When Serena returned from reading Gwen a chapter out of _Black Beauty_ after getting the girl into her pajamas, Bernie was still in the process of shedding the day’s clothes in the master bedroom. Progress was slow as it was painful, it seemed. Lines of undermedicated agony had etched themselves on her face as grief had done on Serena, except Serena’s didn’t fade. Serena waited at the door for Bernie to catch her breath after another fruitless effort to undress. She was clutching at the hem of her undershirt, its black fabric in sharp relief to the shiny reddish hue of her new spinal surgical scar. Serena could name precisely which vertebrae had been fused to stabilize Bernie’s spine and knew by heart where every set of rods and screws had been inserted into Bernie’s body so that she might walk and sit and stand. Whatever the pain those actions elicited.

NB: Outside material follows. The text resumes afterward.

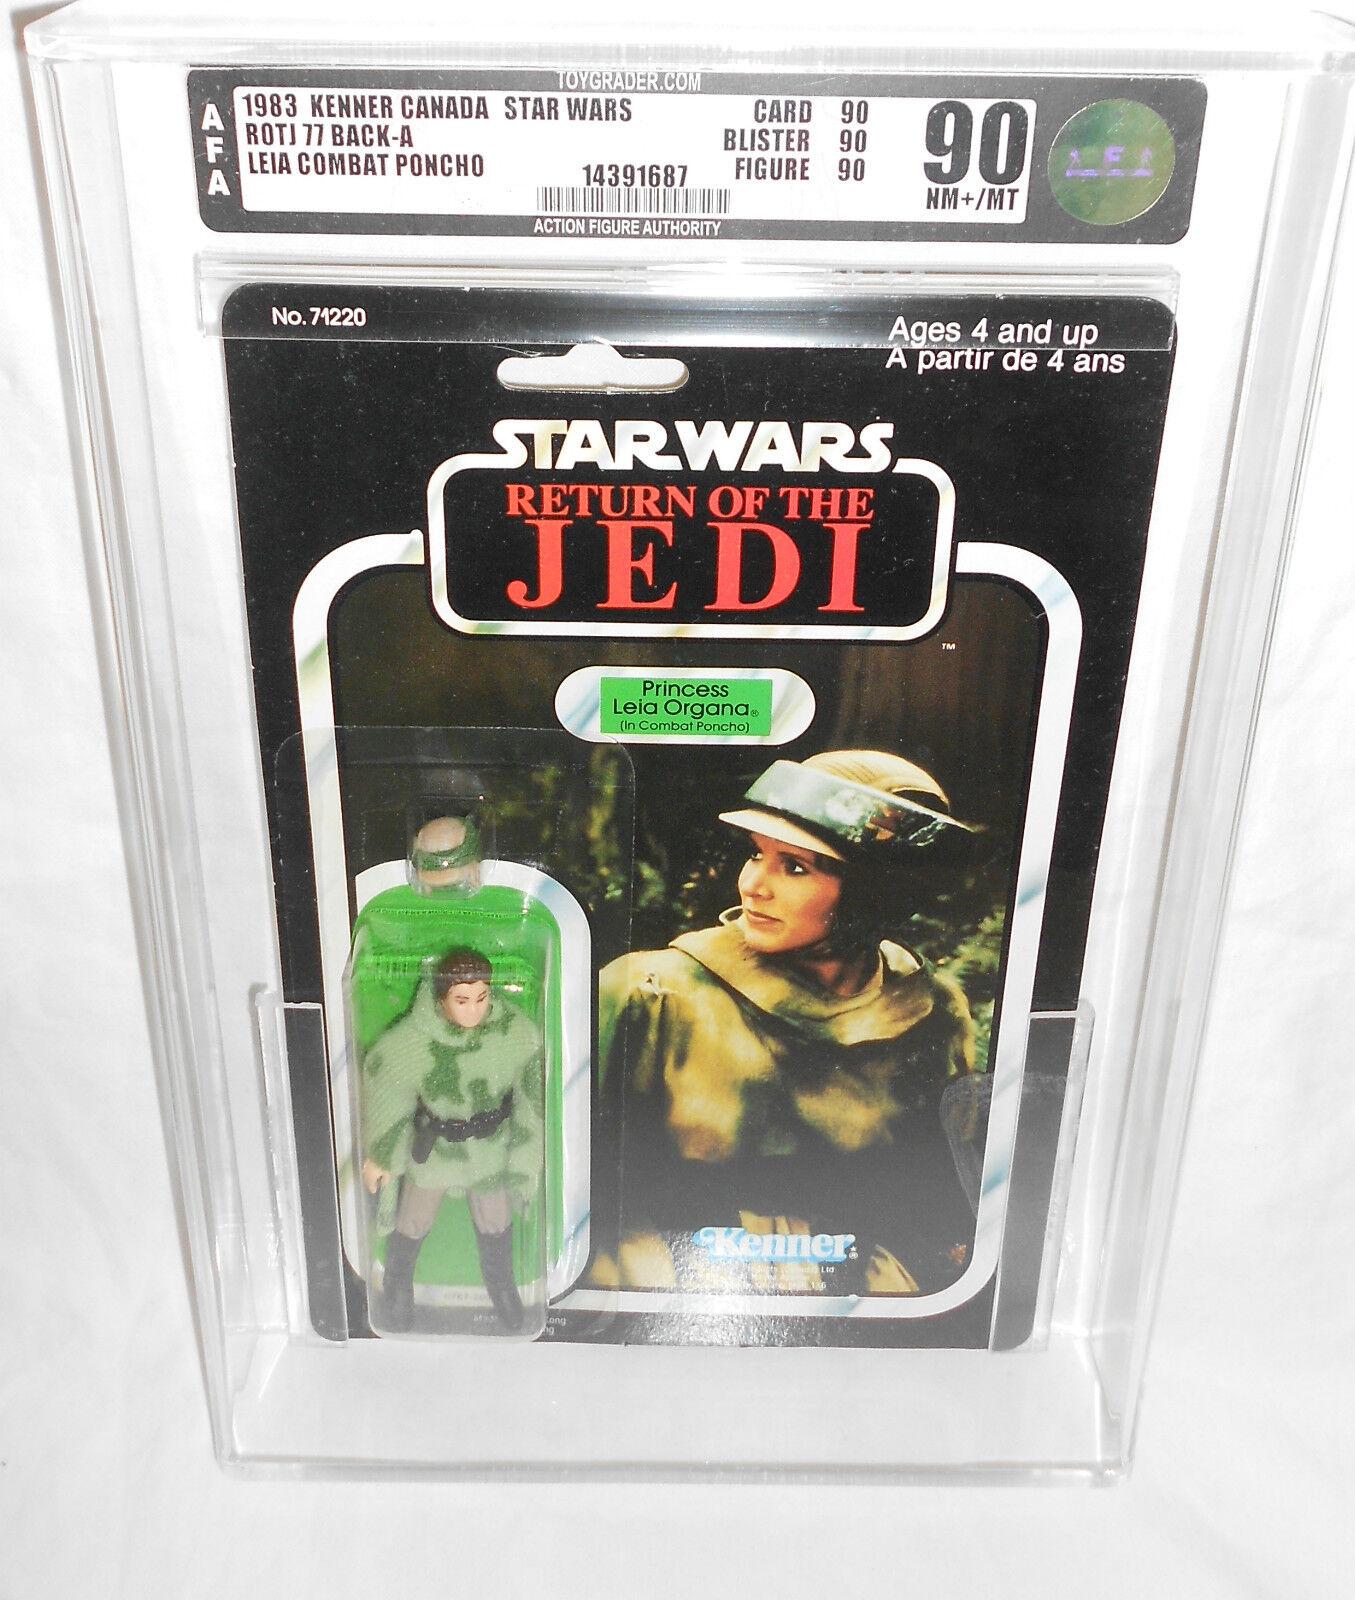 Vintage Star Wars Leia Combat Poncho Afa 90 Transparente 909090 Kenner Canadá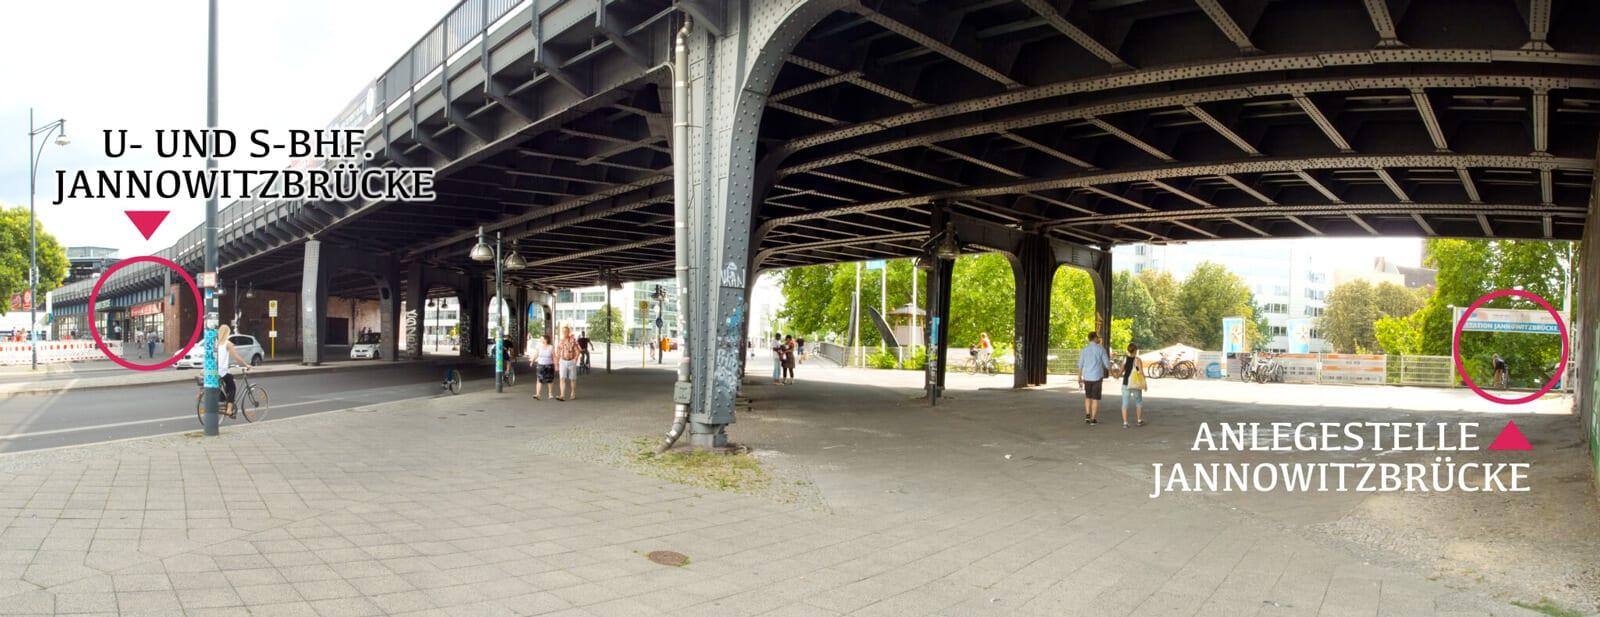 Anlegestelle Jannowitzbrücke - Wegbeschreibung

“Care for a hand?” It wouldn’t do to presume. Bernie was pride itself; too much had been taken from her for Serena to rob her of a second of her independence. Her hands still itched to soothe Bernie’s pain when she’d let her, but first she had to ask.

“Just give me a minute.” Bernie’s voice was as pinched as her expression, a sure sign for the other woman to cease and disist.

“All right. I’ll lock up.” Serena took her time securing the windows and doors. Time enough that Bernie might have recovered her composure yet not too long that she’d be left to wait unduly if she was in distress. The balance between being everything she wanted to be for Bernie and only what Bernie needed was one Serena was still learning, two years into their marriage.

Bernie had come back to Serena near death, but she had come back. Nobody Serena had ever loved had come back. She had decided then that she wouldn’t be letting this magnificent woman go. Unbeknownst to her, Bernie had been harboring similar ideas.

They’d been married in the hospital by the same vicar who’d officiated Greta and Jason’s wedding. Somehow, she hadn’t been surprised to find they’d chosen each other in the end, after all.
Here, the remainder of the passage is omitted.